Collateral-based lending, also called personal asset, luxury asset lending, is small but fast-growing, part of the shadow-lending sector that has emerged since traditional credit dissipated after the financial crisis.

Laws on interest rates they can charge vary tremendously by state. For instance, New York allows up to 48 percent a year, Texas 240 percent, the Journal reports. Most borrows pay off loans within three to six months.

The new breed of lenders is similar to conventional pawnshops that lend small amounts to individuals. But they work more with business owners, lend much larger amounts, and use much more valuable assets as collateral. They also use websites and corporate offices, allowing customers to apply for loans online and mail assets to lenders.

Traditional pawn shops are jumping on the trend.
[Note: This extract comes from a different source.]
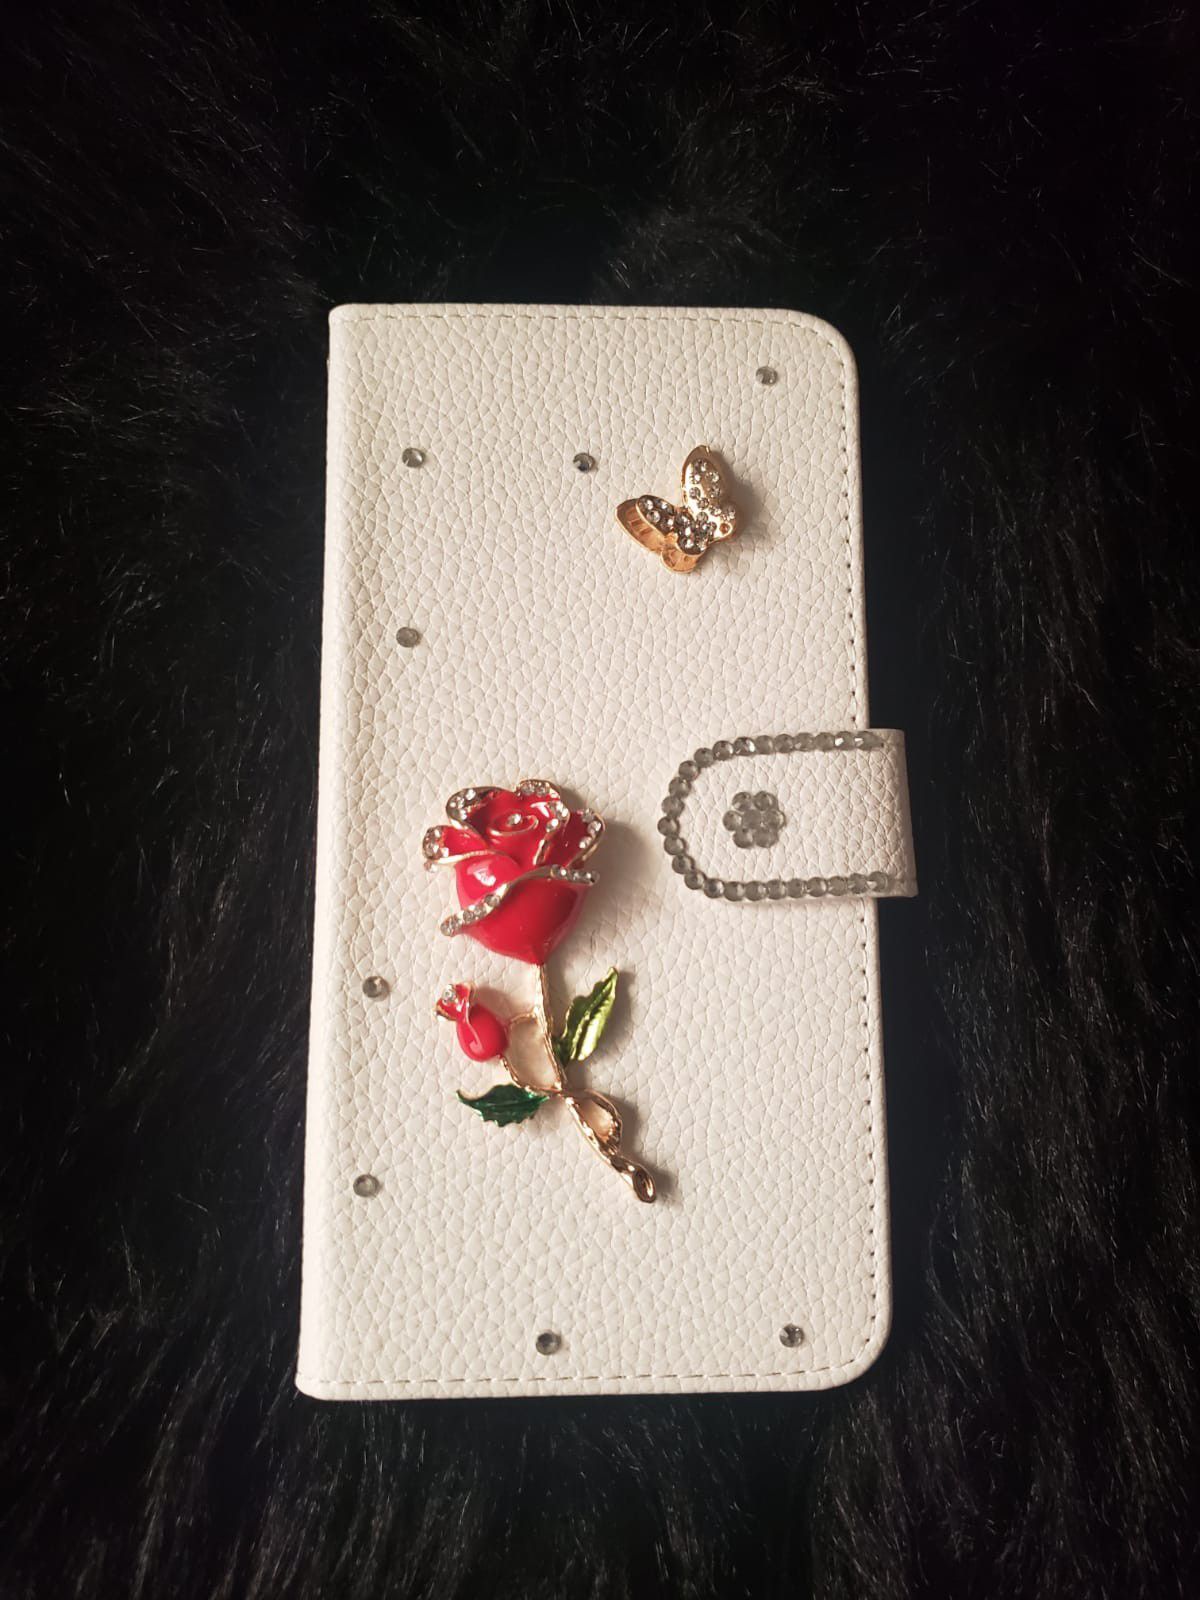 IPHONE OR SAMSUNG LEATHER CASE COVER
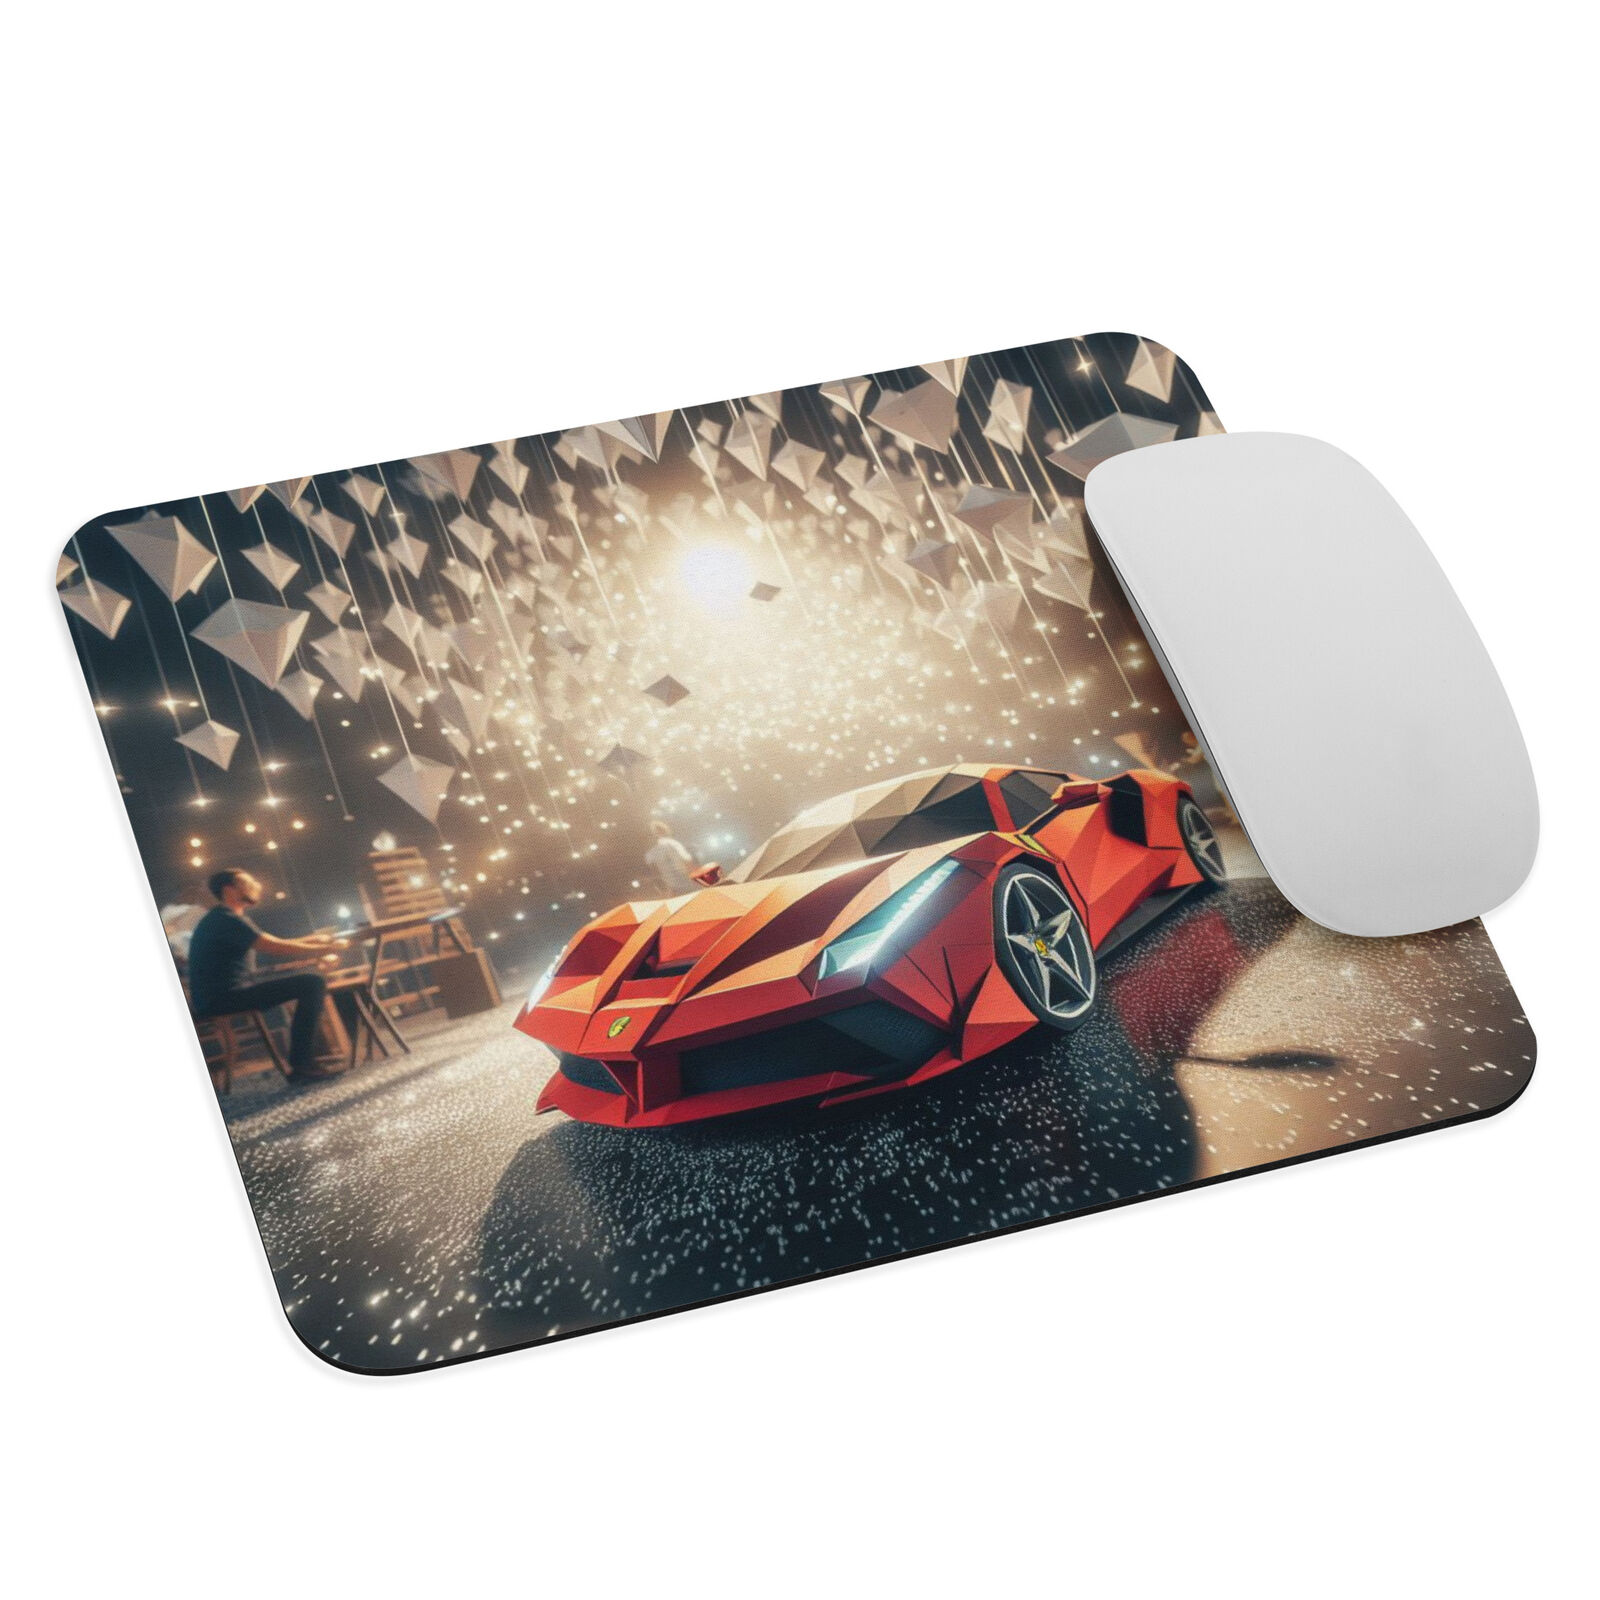 Mouse pad origami voiture

For instance, Beverly Loan Co., a pawn shop in Beverly Hills, Calif., opened New York Loan Co. in Manhattan, the Journal notes.

"Small businesses needed loans more than ever before," its CEO, Jordan Tabach-Bank, told the Journal. "Our bread and butter is the $20,000 loan to small-business owners who have to meet payroll or inventory demand."

"Small business owners are not willing to extend themselves further into debt without more assurances of an economic recovery and stability," says Paul Aitken, CEO of personal asset-based lender Borro Inc., in a press release, noting that small business borrowing has continued to decline.

"The macroeconomic picture shows indications that the recovery should be on its way, but small business owners don’t share that same sentiment.

"The consequence of accumulating too much debt has become more than people are willing to accept," he adds. "Personal asset lending continues to be a favorable option as it avoids the potential pitfall of damaging credit scores."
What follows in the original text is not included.